I have used such a system in C# for sorting large collections of spam words from emails. The original system required all of them to load into RAM in order to sort them and build a dictionary for spam counts. Once the file grew over 2 GB the in memory structures were requiring 6+GB of RAM and taking over 24 hours to sort due to paging and VM. The new system using the chunking above sorted the entire file in under 40 minutes. That was an impressive speedup for such a simple change.
I played with various load options (1/4 system memory per chunk, etc). It turned out that for our situation the best option was about 1/10 system memory. Then Windows had enough memory left over for decent File I/O buffering to offset the increased file traffic. And the machine was left very responsive to other processes running on it.
And yes, I do frequently like to ask these types of questions in interviews as well. Just to see if people can think outside the box. What do you do when you can't just use .Sort() on a list?
Just simulate a virtual memory, overload the array index operator, []
Find a quicksort implementation that sorts an array in C++ or C#. overload the indexer operator [] which will read from and save to file. That way, you can just plug existing sort algorithms, you just change what happens behind the scenes on those []
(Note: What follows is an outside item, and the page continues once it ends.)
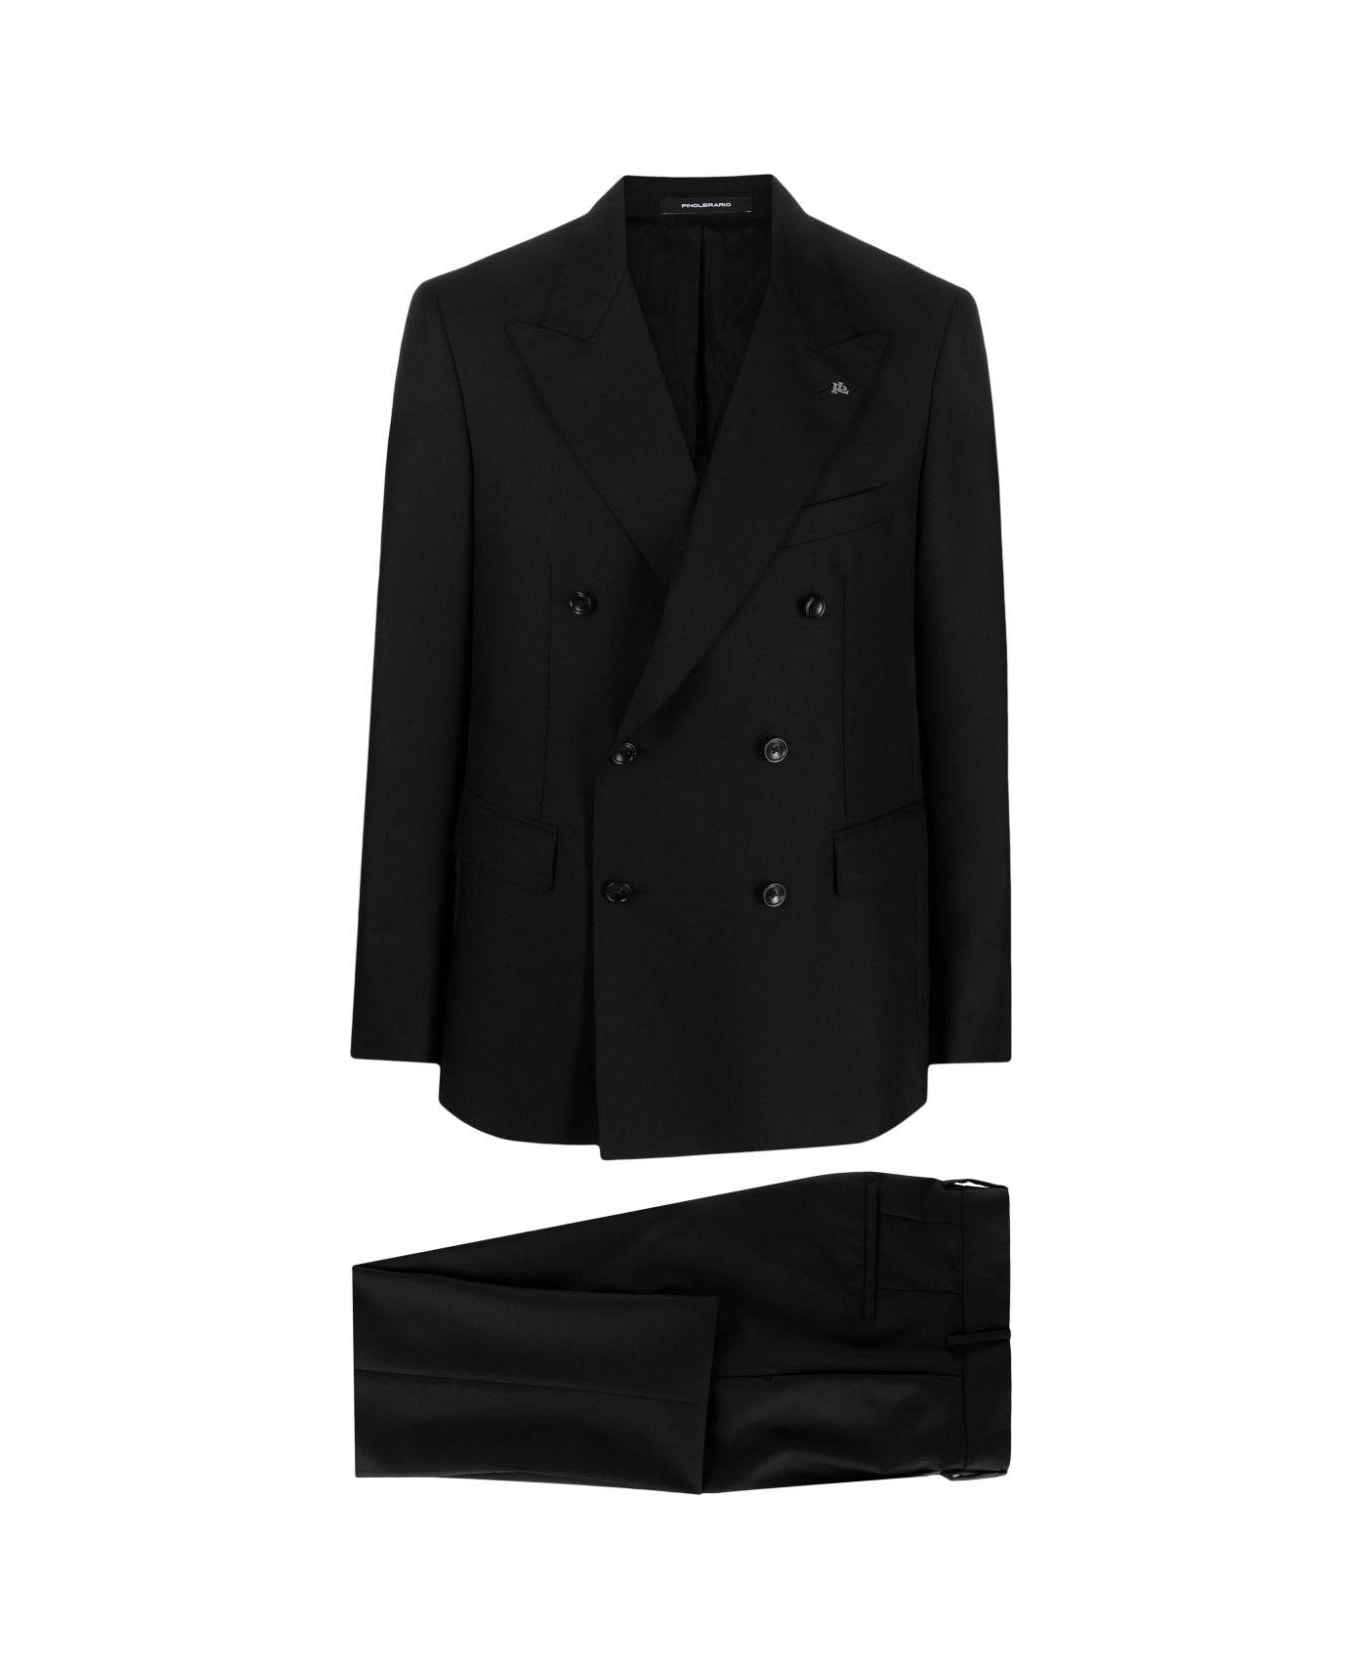 Tagliatore Double Breasted Suit - Black スーツ

here's one example of simulating virtual memory on C#
source: http://msdn.microsoft.com/en-us/library/aa288465(VS.71).aspx
// indexer.cs
// arguments: indexer.txt
using System;
using System.IO;
// Class to provide access to a large file
// as if it were a byte array.
public class FileByteArray
{
Stream stream; // Holds the underlying stream
// used to access the file.
// Create a new FileByteArray encapsulating a particular file.
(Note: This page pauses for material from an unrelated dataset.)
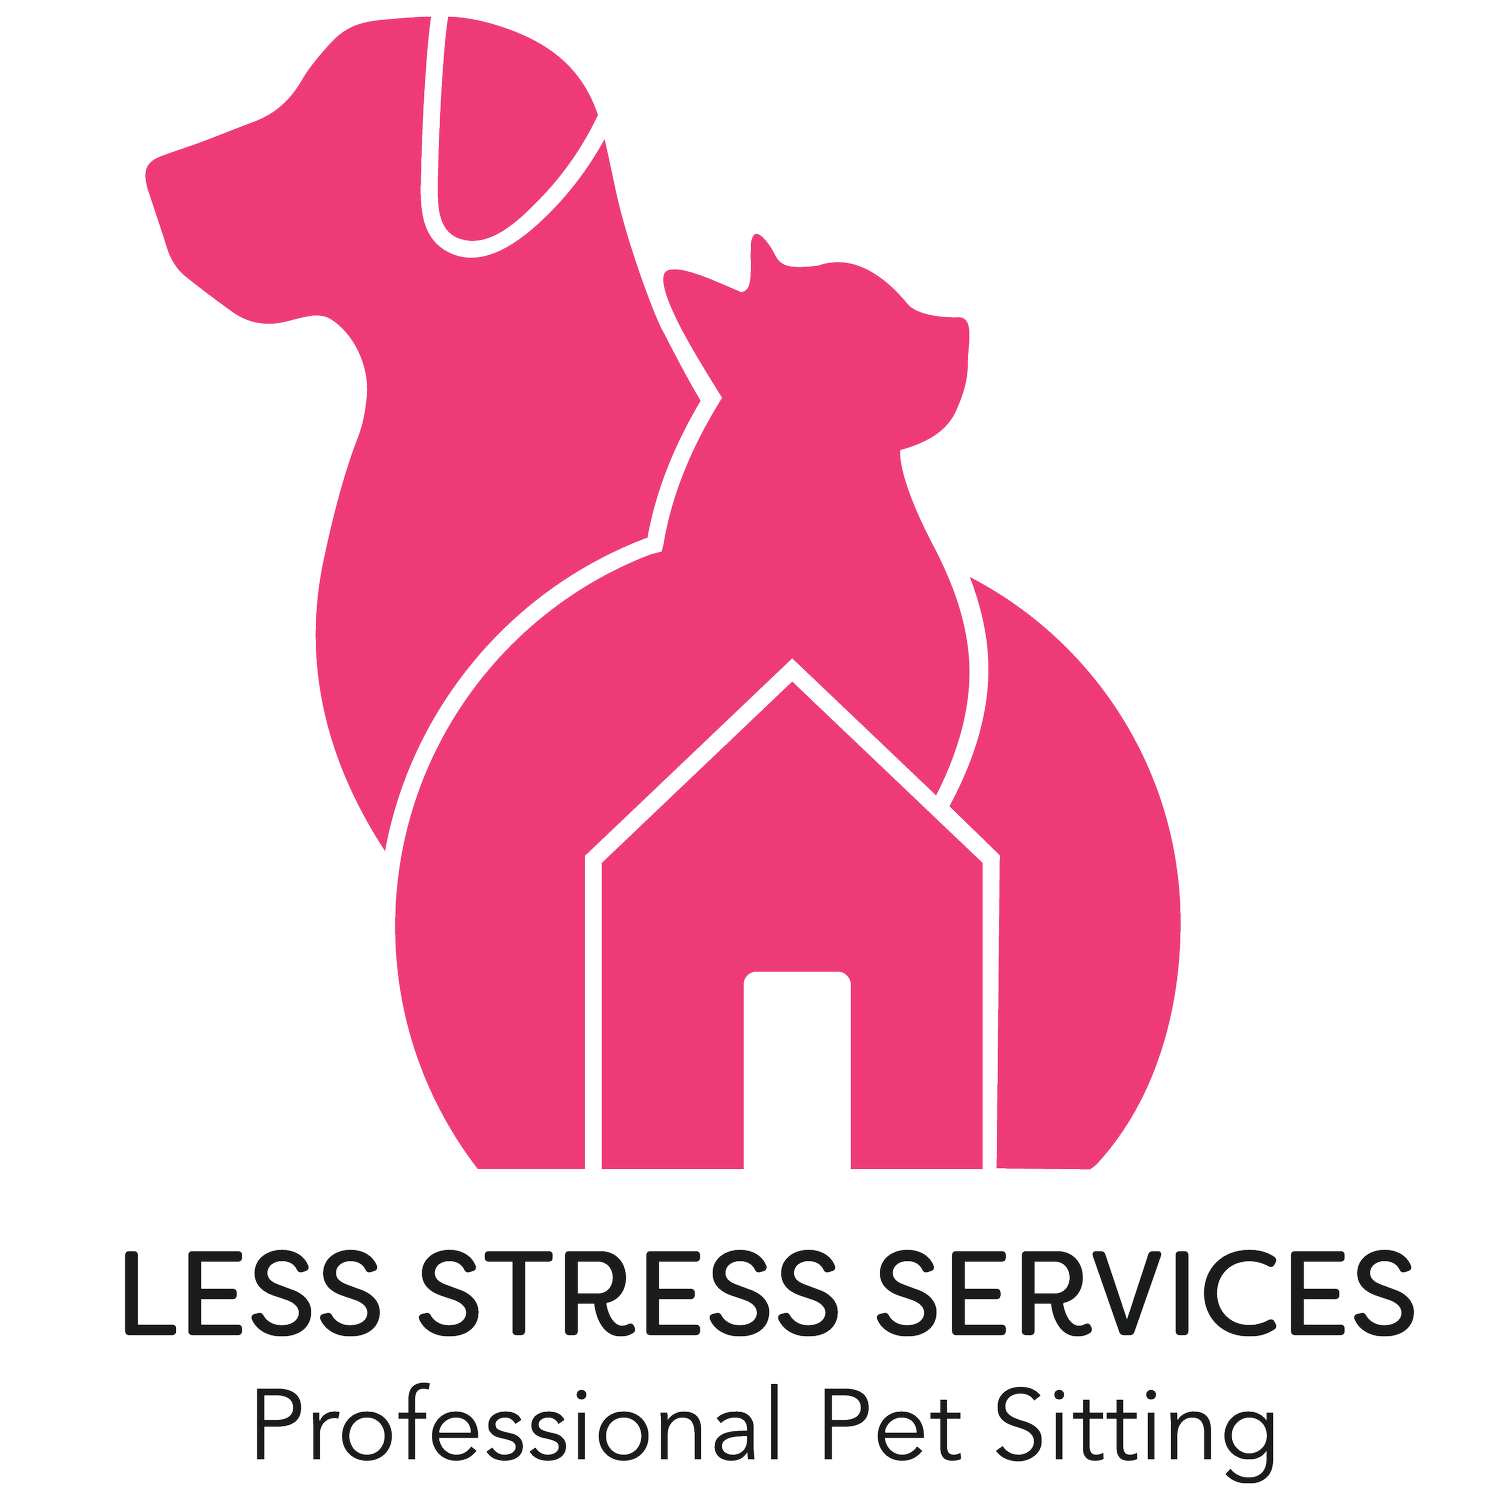 Less Stress Services, LLC (949) 445-6550

public FileByteArray(string fileName)
{
stream = new FileStream(fileName, FileMode.Open);
}
// Close the stream. This should be the last thing done
// when you are finished.
public void Close()
{
stream.Close();
stream = null;
}
// Indexer to provide read/write access to the file.
public byte this[long index] // long is a 64-bit integer
{
// Read one byte at offset index and return it.
get
{
byte[] buffer = new byte[1];
stream.Seek(index, SeekOrigin.Begin);
stream.Read(buffer, 0, 1);
return buffer[0];
}
// Write one byte at offset index and return it.
set
{
byte[] buffer = new byte[1] {value};
stream.Seek(index, SeekOrigin.Begin);
stream.Write(buffer, 0, 1);
}
}
// Get the total length of the file.
public long Length
{
get
{
return stream.Seek(0, SeekOrigin.End);
}
}
}
// Demonstrate the FileByteArray class.
// Reverses the bytes in a file.
public class Reverse
{
public static void Main(String[] args)
{
// Check for arguments.
if (args.Length == 0)
{
Console.WriteLine("indexer <filename>");
return;
}
FileByteArray file = new FileByteArray(args[0]);
long len = file.Length;
// Swap bytes in the file to reverse it.
for (long i = 0; i < len / 2; ++i)
{
byte t;
// Note that indexing the "file" variable invokes the
// indexer on the FileByteStream class, which reads
// and writes the bytes in the file.
t = file[i];
file[i] = file[len - i - 1];
file[len - i - 1] = t;
}
file.Close();
}
}
Use the above code to roll your own array class. Then just use any array sorting algorithms.